When I need to hang a picture, I use my dad’s hammer. Or…at least I did use my dad’s hammer.

You lived here just over a year. It isn’t like you were here for 30 years and you can’t remember what was yours and what was mine, or what we bought together. You were here for a year. You know what’s yours and what isn’t. You know that this hammer, which clearly came from a different century, isn’t yours. What’s worse is that you know how much that stupid hammer means to me. You know about the hammer, and the jacket, and the t-shirt. And you know that that’s all I have left. And you took the hammer.

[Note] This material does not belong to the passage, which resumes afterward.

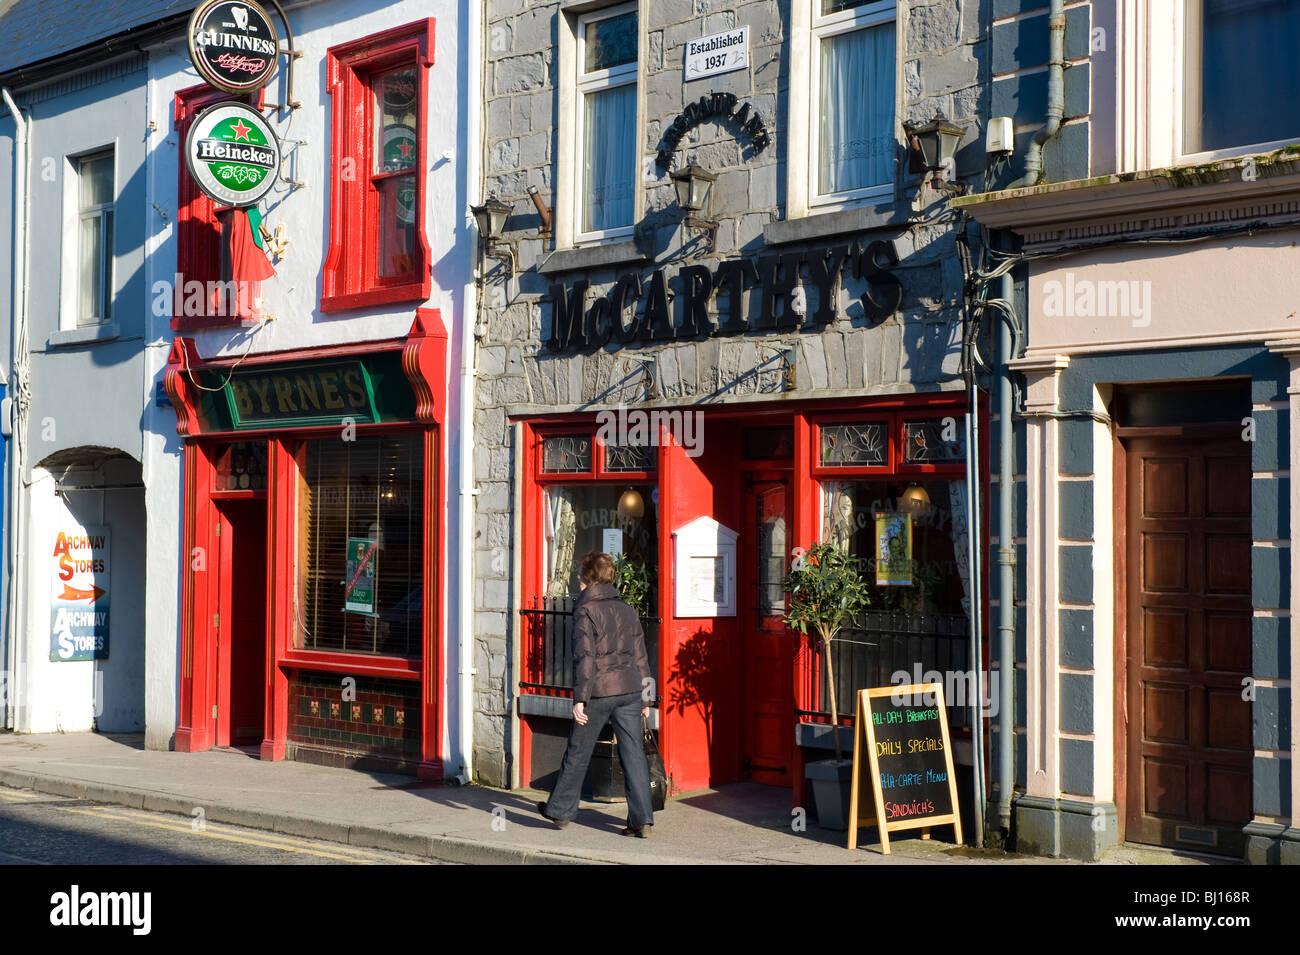 Market Street, Castlebar, Co. Mayo, Ireland. - Stock Image
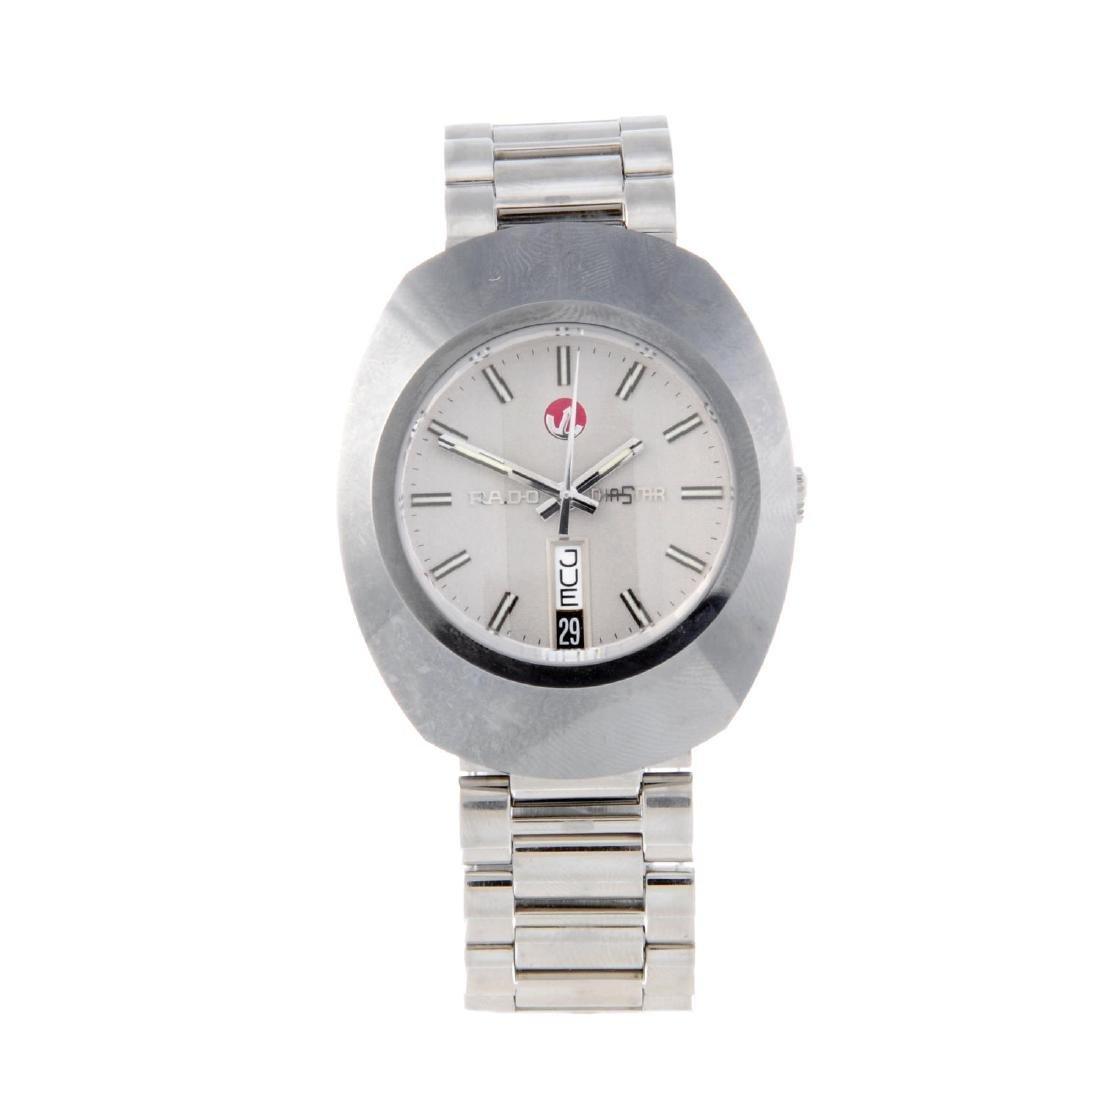 RADO - a gentleman's DiaStar bracelet watch.

I know you took a lot of things that didn’t belong to you. You took my safe, even though you didn’t know the combination. You took another little lockbox of mine…do you at least have the keys for that one? You took my measuring tape, my favourite pipe, spray paint, Izzy’s tablet. My set of darts. That pretty little box my sister gave me for my birthday a few years ago. My heating pad. My snow shovel. The cat food lid, even. I mean, you even took the dog I paid for and didn’t let me or the girls say goodbye to him.

I’m not surprised at this point. I am realizing more and more every day that the person I miss isn’t you. I miss the person who liked doing online school with my girls. I miss the person who would send me funny updates throughout the day of things the kids said or did. I miss the person who took them into the garage to make structures with spare wood. I miss the person who took them to the park or tobogganing. I miss the person who made them breakfast so I could get ready in the mornings. I miss the person who would laugh with me for hours. I miss the person who would talk to me about their life, who would share things with me.

I’m realizing that I didn’t know that person for very long. Most of our relationship I spent trying to find that person again. But I’m not your therapist, and I’m not your mother, and you aren’t the person I thought you were. Anyone can wear a mask for a couple of months.

But I would really like my hammer back.